Geological Appraiser

As frustrating as these issues might be to face, there aren’t perfect solutions available for any of these problems. With regards to the Regional Championship in Atlanta, this is extremely unfortunate timing. Given that all other Regional Championships occurred before ban discussions took place, it may have made the most sense to make bans happen after the event in Atlanta had finished.

This would’ve involved needing to move the ban announcement until a few weeks later and likely would’ve resulted in an unhealthy metagame with a ton of Discover combo being represented.
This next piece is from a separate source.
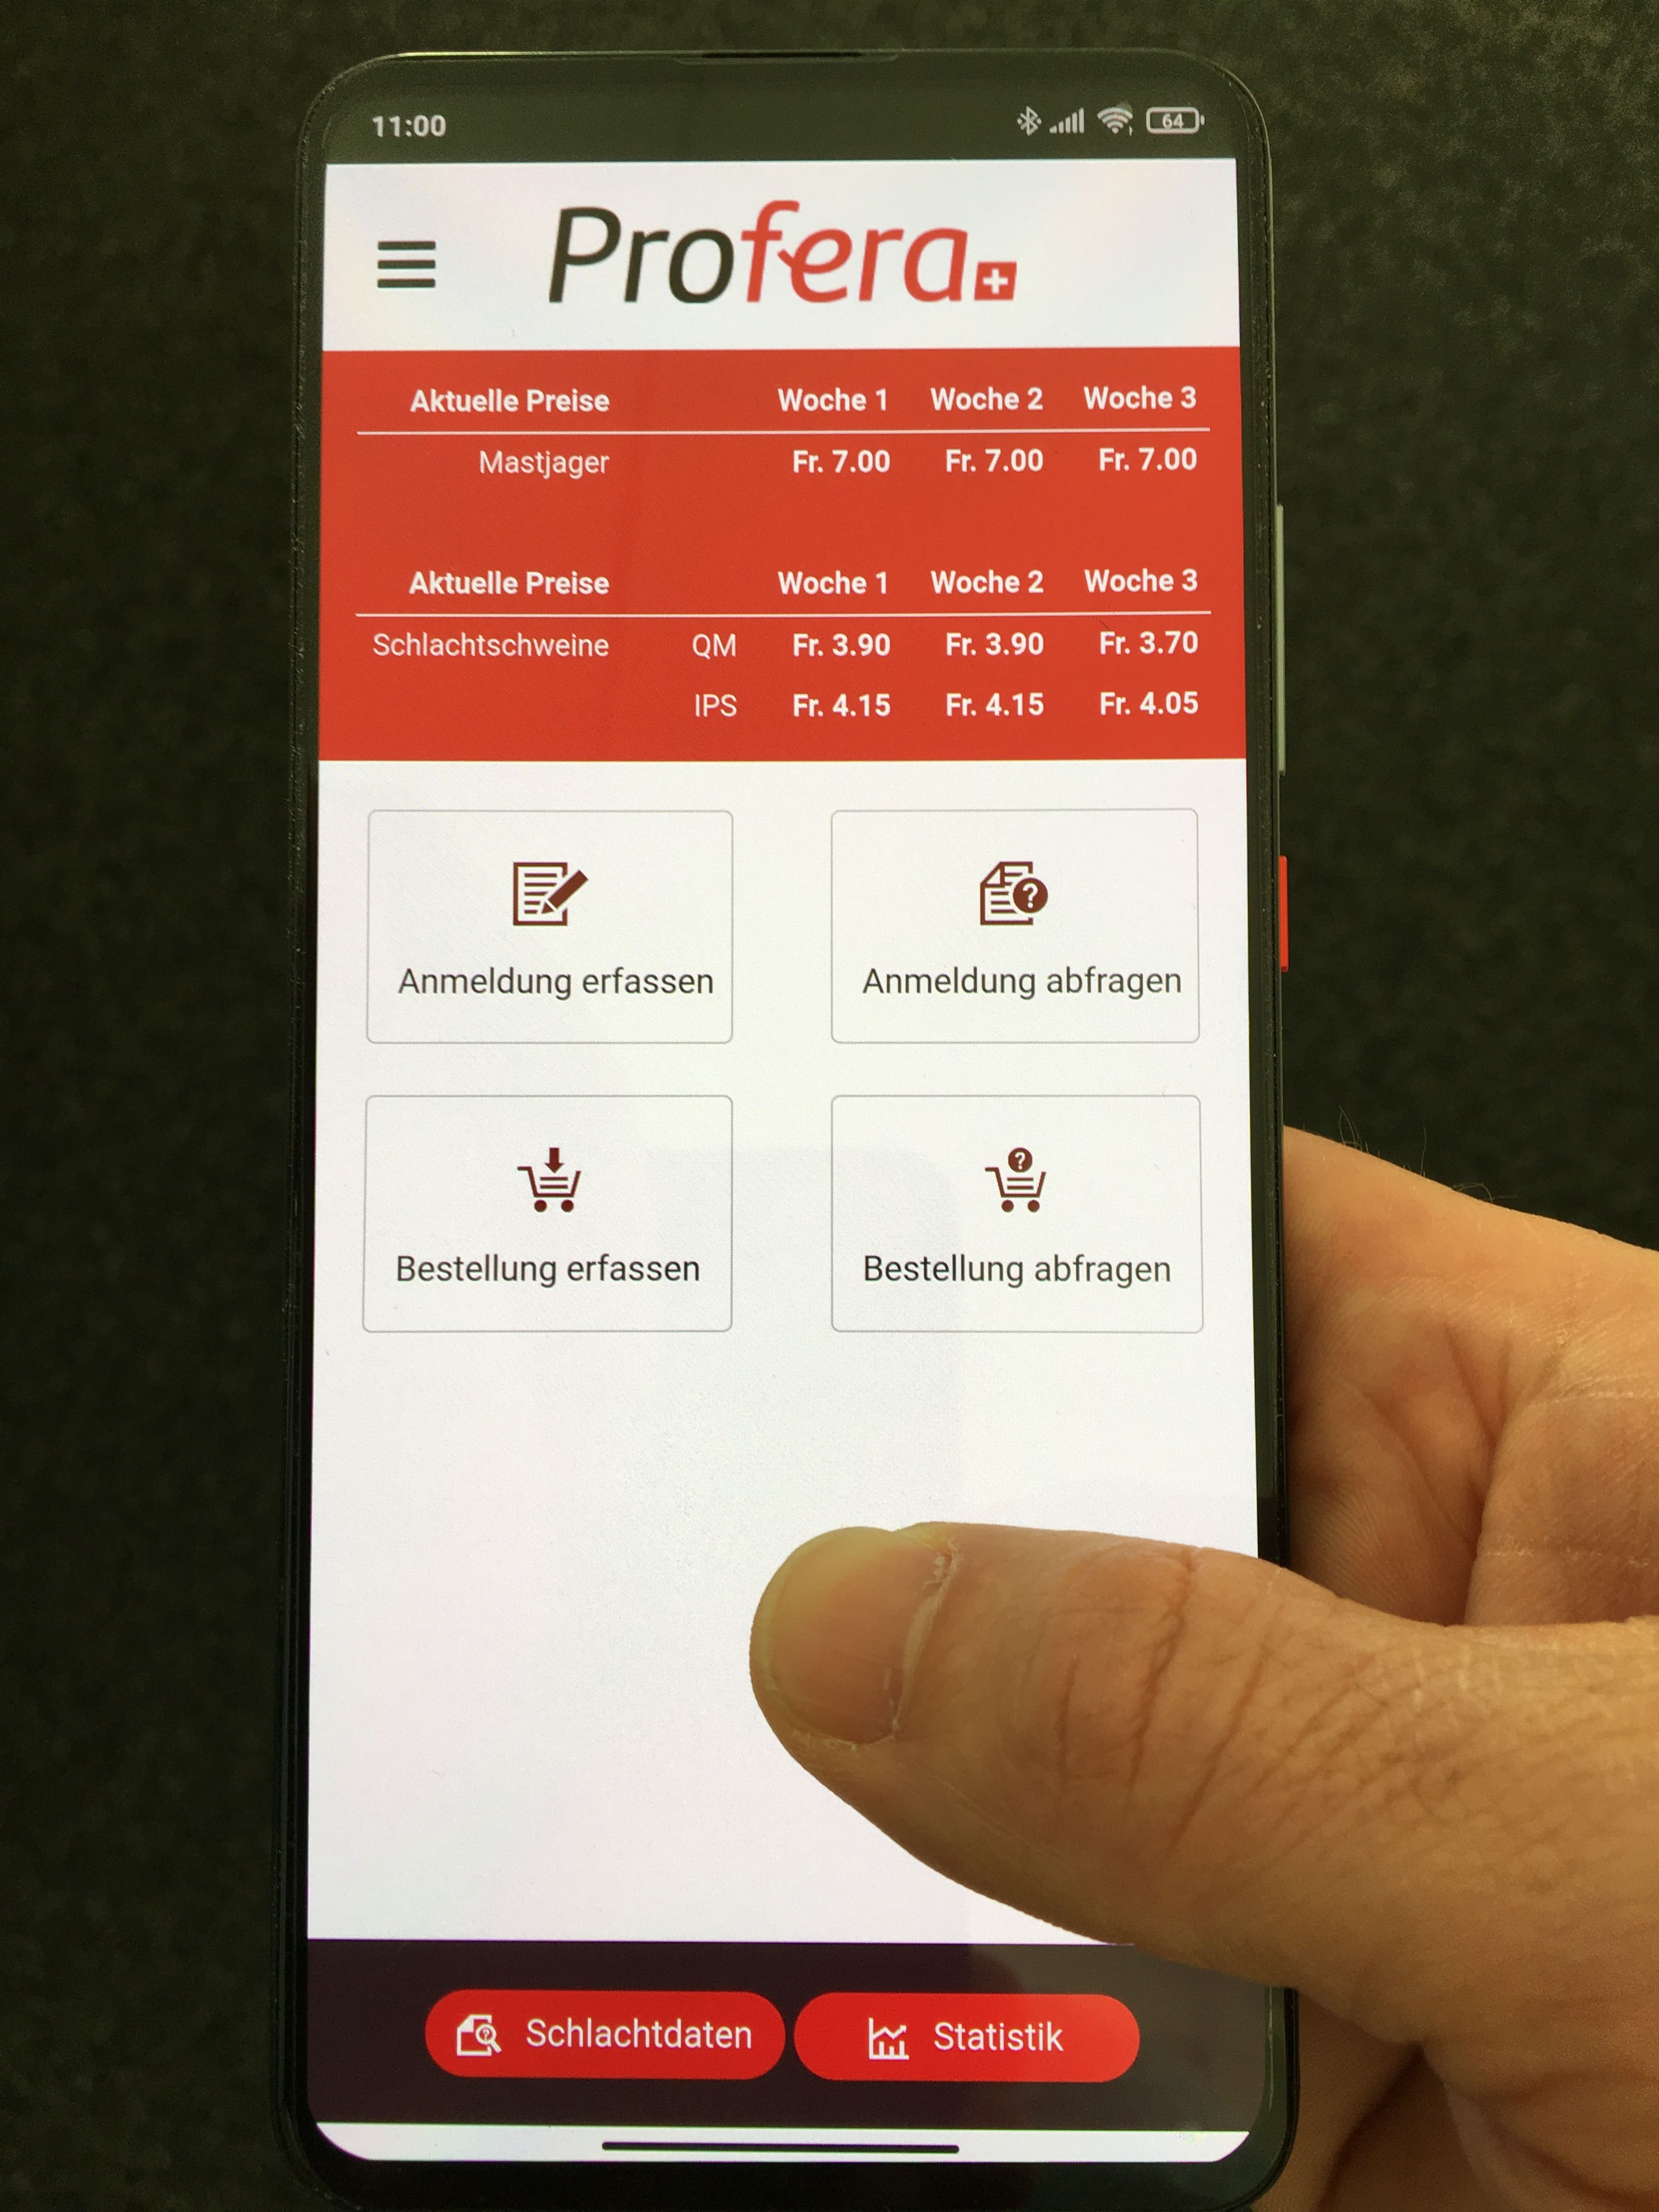 Profera App: Einfach in der Bedienung, genial in der Umsetzung.

While obviously not ideal, there’s an argument this is still better than creating massive change right before the event.

As for content creators, it’s certainly awkward to have a detailed discussion before bans actually take place. The thing is, it does give players an even bigger chance to prepare and speculate for potential changes. It’s unclear if dropping a ban announcement with massive changes to two key formats on Monday would’ve been better or worse overall without the WeeklyMTG discussion.

Ultimately, the most sensible thing to do may have been to simply announce the bans this week. Sure, it would have been a bit sudden, but it would solve the issue of killing Pioneer and Modern for a week. Content creators could feature the new formats and competitors would have another week to prepare.

After the complete lack of discussion associated with the October ban announcement, at least we are getting a bit more transparency. It’ll be worth monitoring how ban announcements continue to get handled in the future and if these preview discussions become the norm.